And how do you measure another quality parameter: thematic accuracy? In this case, comparing with sources of true reference. We know that evolution with respect to itself is already very controlled with that internal logical consistency, but we also have to compare it with what happens in the real world. I talked about it before with Alicia, we said "the data is reliable, but what is the reality of mobility? Who knows her?" In the end we have some clues, such as in the tickets of how many have boarded the buses. If we have that data, we have a clue, but of the people who walk and the people who take their cars and so on, what is the reality? It is very difficult to have a point of comparison, but we do compare it with all the data from AENA, Renfe, bus concessions and all these controls are passed to determine how far we deviate from that reality that we can know.

  1. All this data serves as a basis for developing applications and solutions, but it is also essential when it comes to making decisions and accelerating the implementation of the central axes, for example, the Safe, Sustainable and Connected Mobility Strategy or the Sustainable Mobility Bill. How is this data used to make these real decisions?

Tania Gullón: If you will allow me, I would first like to introduce this strategy and the Law on data for those who do not know it. One of the axes, axis 5 of the Ministry's Safe, Sustainable and Connected Mobility Strategy 2030 is "Smart Mobility". And it is precisely focused on this and its main objective  is to promote digitalisation, innovation and the use of advanced technologies to improve efficiency, sustainability and user experience in Spain's transport system. And precisely one of the measures of this axis is the "facilitation of Mobility as a Service, Open Data and New Technologies". In other words, this is where all these projects that we are commenting on are framed. In fact, one submeasure is to promote the publication of open mobility data, another is to carry out analysis of mobility flows and another of the measures, the last, is the creation of an integrated mobility data space. I would like to emphasize - and here I am already in line with this Bill that we hope we will soon see approved - that the Law, in Article 89, regulates the National Access Point, which we also see how it is included in this legislative instrument. And then the Law establishes a key digital instrument for the National Sustainable Mobility System: look at the importance given to the data that in a mobility law it is written that this integrated mobility data space is a key digital instrument. This data space is a reliable data sharing ecosystem, materialized as the digital infrastructure managed by the Ministry of Transport and in coordination with SEDIA (the Secretary of State for Digitalization and Artificial Intelligence), whose objective is to centralize and structure the information on mobility generated by public administrations, transport operators, infrastructure managers,  etc. and guarantee that open access to all this data for all administrations under regulatory conditions.

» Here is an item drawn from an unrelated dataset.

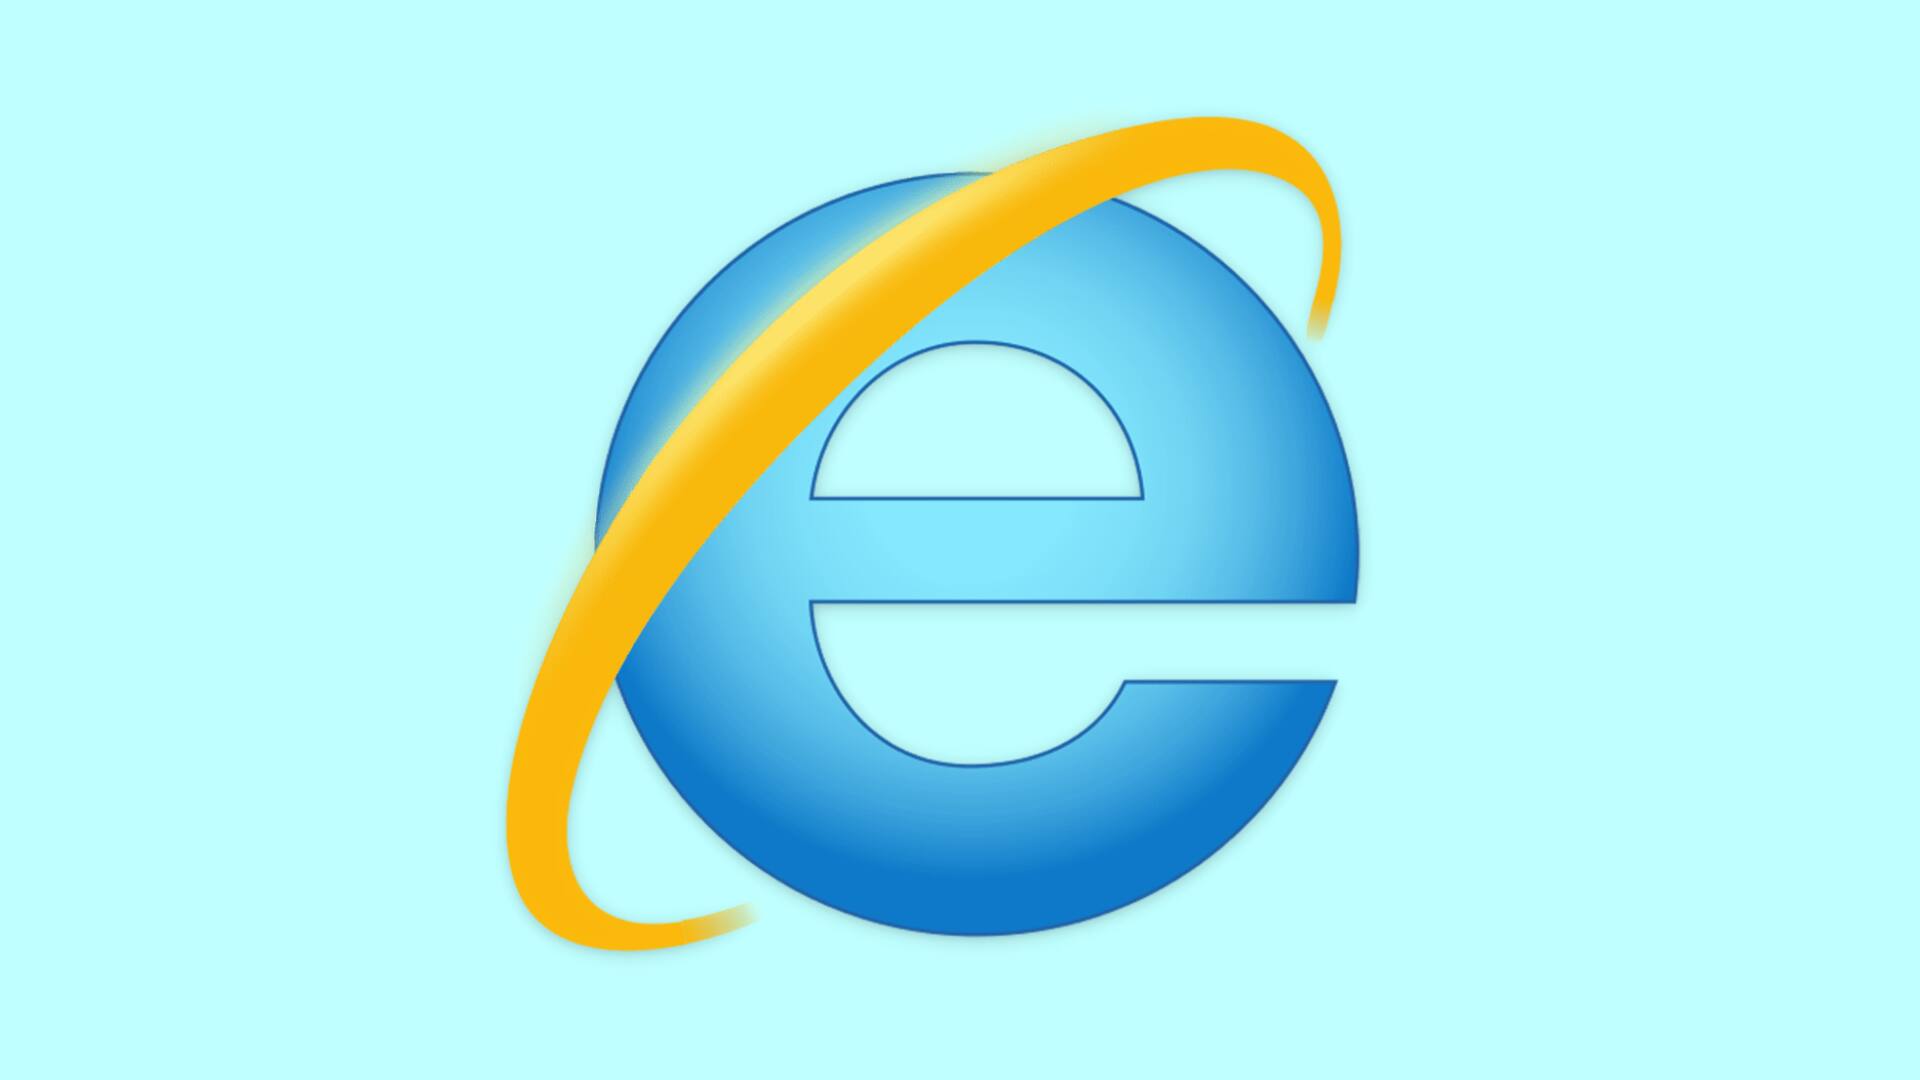 Starting tomorrow, Internet Explorer will redirect you to Microsoft Edge

Alicia González: In this case, I want to say that any objective decision-making, of course, has to be made based on data that, as we said before, has to be reliable, up-to-date and comparable. In this sense, it should be noted that the IGN, the fundamental support it offers to the Ministry for the deployment of the Safe, Sustainable and Connected Mobility Strategy, is the provision of service data and complex analysis of geospatial information. Many of them, of course, about the set of data that we have been talking about transport networks.

In this sense, we would like to mention as an example the accessibility maps with which we contribute to axis 1 of the "Mobility for all" strategy, in which, through the Rural Mobility Table, the IGN was asked if we could generate maps that represented the cost in time and distance that it costs any citizen. Living in any population centre, access to the nearest transport infrastructure, starting with the road network. In other words, how much it costs a user in terms of effort, time and distance, to access the nearest motorway or dual carriageway from their home and then, by extension, to any road in the basic network. We did that analysis - so I said that this network is the backbone of the entire territory, it is continuous - and we finally published those results via the web. They are also open data, any user can consult them and, in addition, we also offer them not only numerically, but also represented in different types of maps. In the end, this geolocated visibility of the result provides fundamental value and facilitates, of course, strategic decision-making in terms of infrastructure planning.

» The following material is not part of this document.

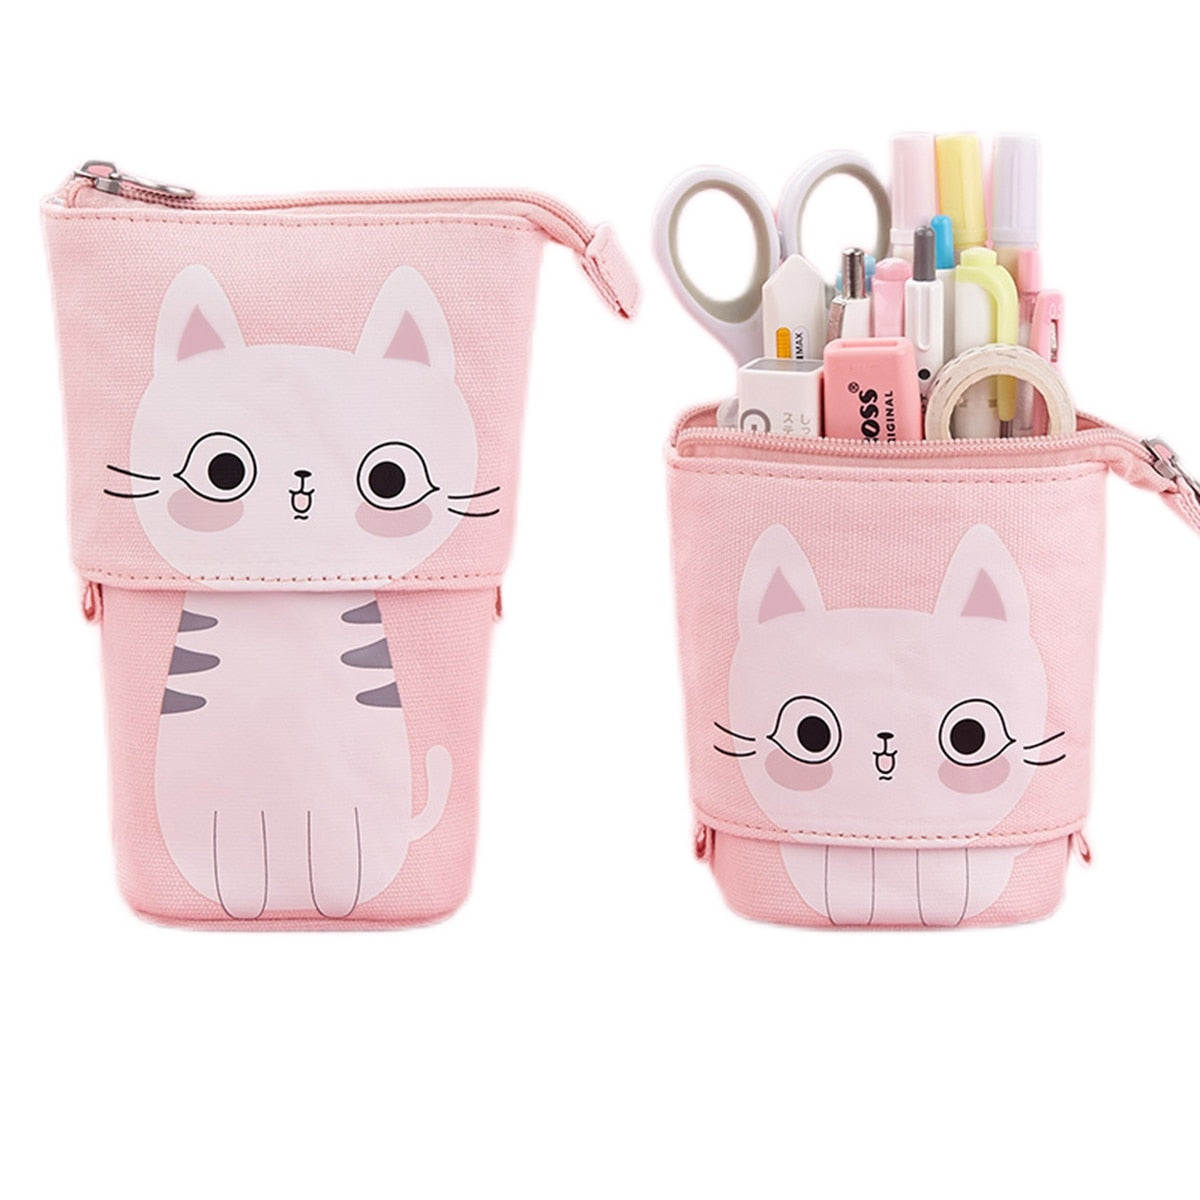 Stationary Cat Purse - Cat purse

Another example to highlight that is possible thanks to the availability of open data is the calculation of monitoring indicators of the Sustainable Development Goals of the 2030 Agenda. Currently, in collaboration with the National Institute of Statistics, we are working on the calculation of several of them, including one directly associated with Transport, which seeks to monitor goal 11, which is to make cities more inclusive, safe, resilient and sustainable.

  1. Speaking of this data-based decision-making, there is also cooperation at the level of data generation and reuse between different public administrations. Can you tell us about any examples of a project?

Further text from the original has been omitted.